– Иди спать, – сказал Солярис в который раз. – В такое позднее время даже вёльвы к сейду не взывают. Скоро начнёт светать, а у тебя Вознесение на носу. Тебе тоже не стоит сердить короля Оникса, хоть он тебя и любит.
Солярис знал, на что давить. Я заворчала, неохотно слезая с постели, и одёрнула ночную сорочку под накидкой, нецеломудренно задравшуюся до самых бёдер. Впрочем, Солярис даже бровью не повёл, уже полностью поглощённый книгой, оставленной на дырявом кресле. Что бы Сол ни собирался делать с похищенными черепами, он явно хотел сначала дождаться моего ухода. Попытки провести его, снова расспросить или переубедить не имели смысла: там, где я была просто упряма, Солярис был невыносим.
– Эй, постой-ка.
– А?
– Вот, держи. Только цыц!
Моя ступня уже зависла над порогом комнаты, когда Солярис, как всегда, сменил гнев на милость. Порой он был так же непредсказуем в своём настроении, как месяц синиц, когда Изумрудное море не знало покоя и за одни сутки штиль сменялся штормом, а затем снова штилем. Отложив книгу и подхватив вместо неё с тумбы грушевидную склянку, помутневшую от пыли и времени, Солярис быстро наполнил её своим дыханием и впихнул мне в руки.

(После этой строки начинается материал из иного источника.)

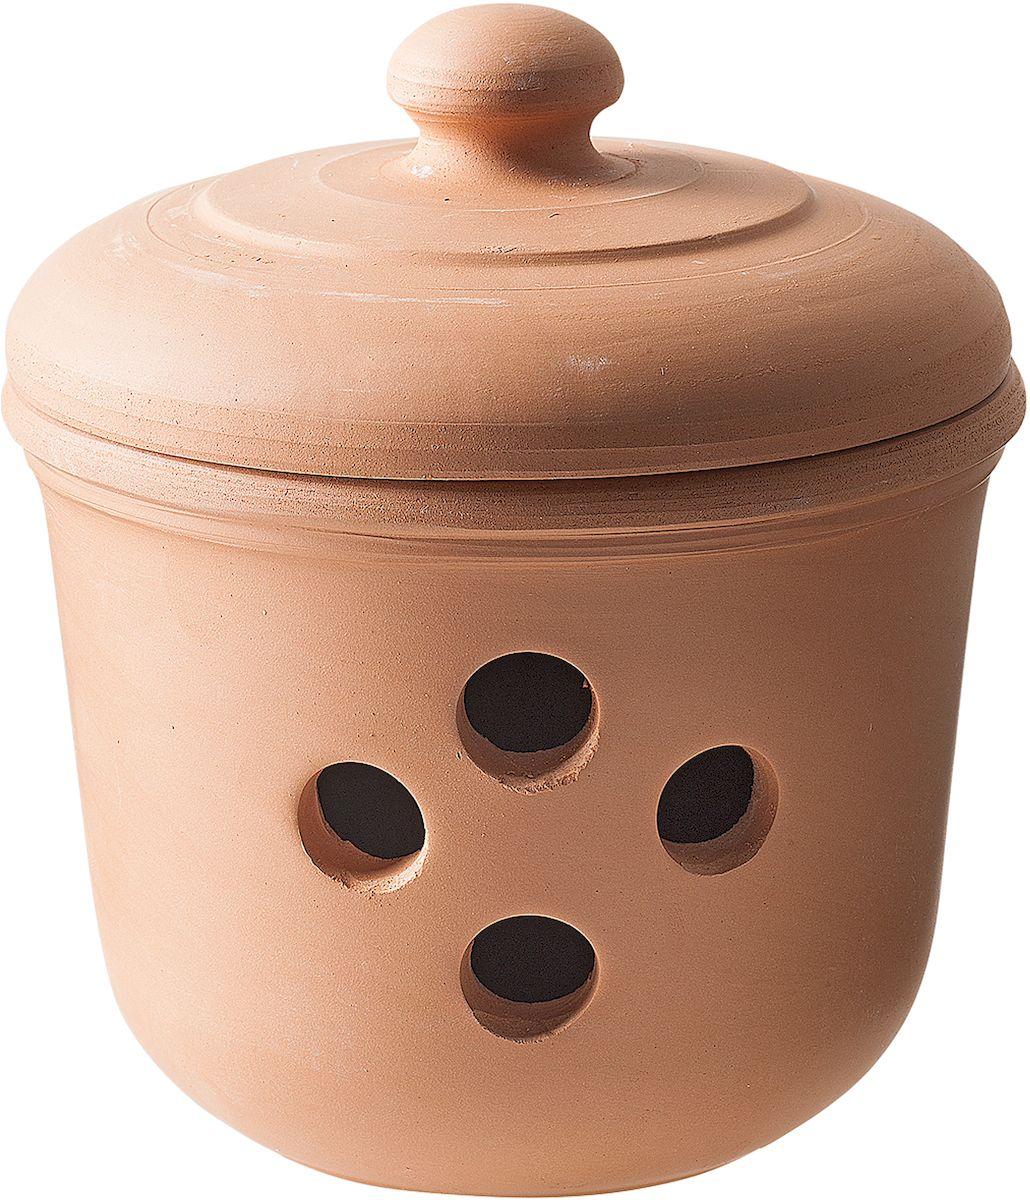 Емкость для чеснока Moha Unio, цвет: коричневый, диаметр 11,5 см83010За счет уникальных свойств глины в керамической посуде очень хорошо хранить лук, чеснок и корнеплоды. Отверстия в стенках банки обеспечивают приток воздуха, чтобы овощи как можно дольше оставались свежими. Эстетичный внешний вид позволяет использовать в качестве декора кухни и поставить на видное место.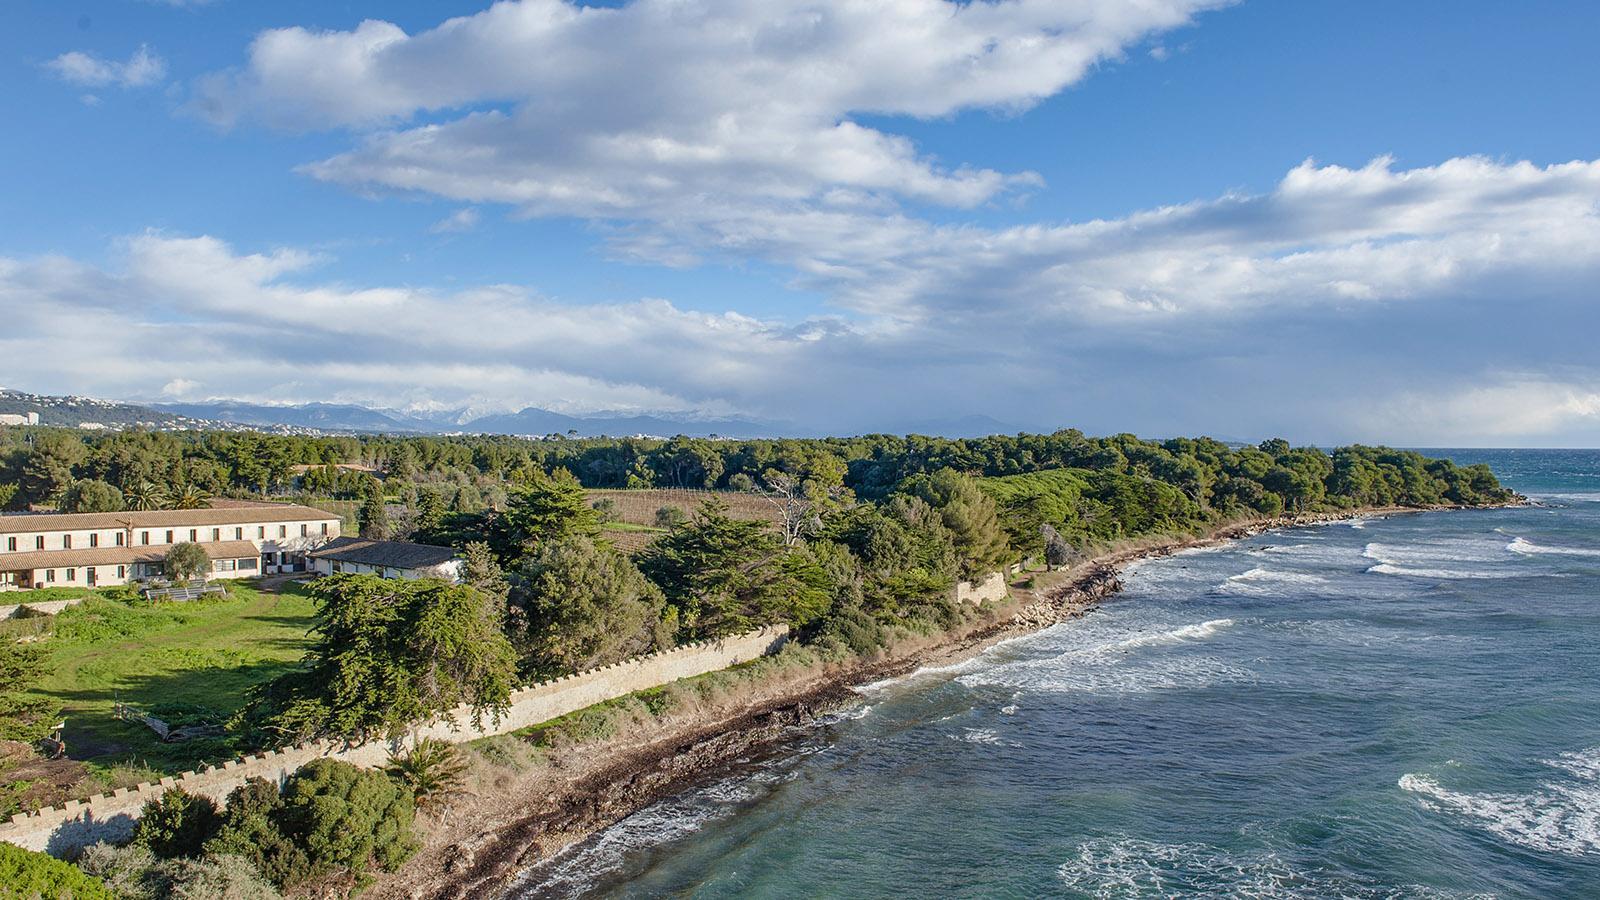 Die Klosterinsel Saint-Honorat. Foto: Hilke Maunder

– Этого должно хватить, чтобы ты смогла уснуть.
Я опустила глаза на склянку, обёрнутую в лоскут ткани, чтобы я не обожглась: в закалённом стекле плескалось настоящее пламя, только искристо-синее, словно сапфиры, – самый горячий огонь из тех, который умели выдыхать драконы. У меня оставались считаные минуты на то, чтобы добраться до спальни и выпустить его в очаг. Только поэтому я ограничилась улыбкой и шепнула:
– Спасибо. А ты не читай слишком долго! Иначе опять завтра глаз не разомкнёшь.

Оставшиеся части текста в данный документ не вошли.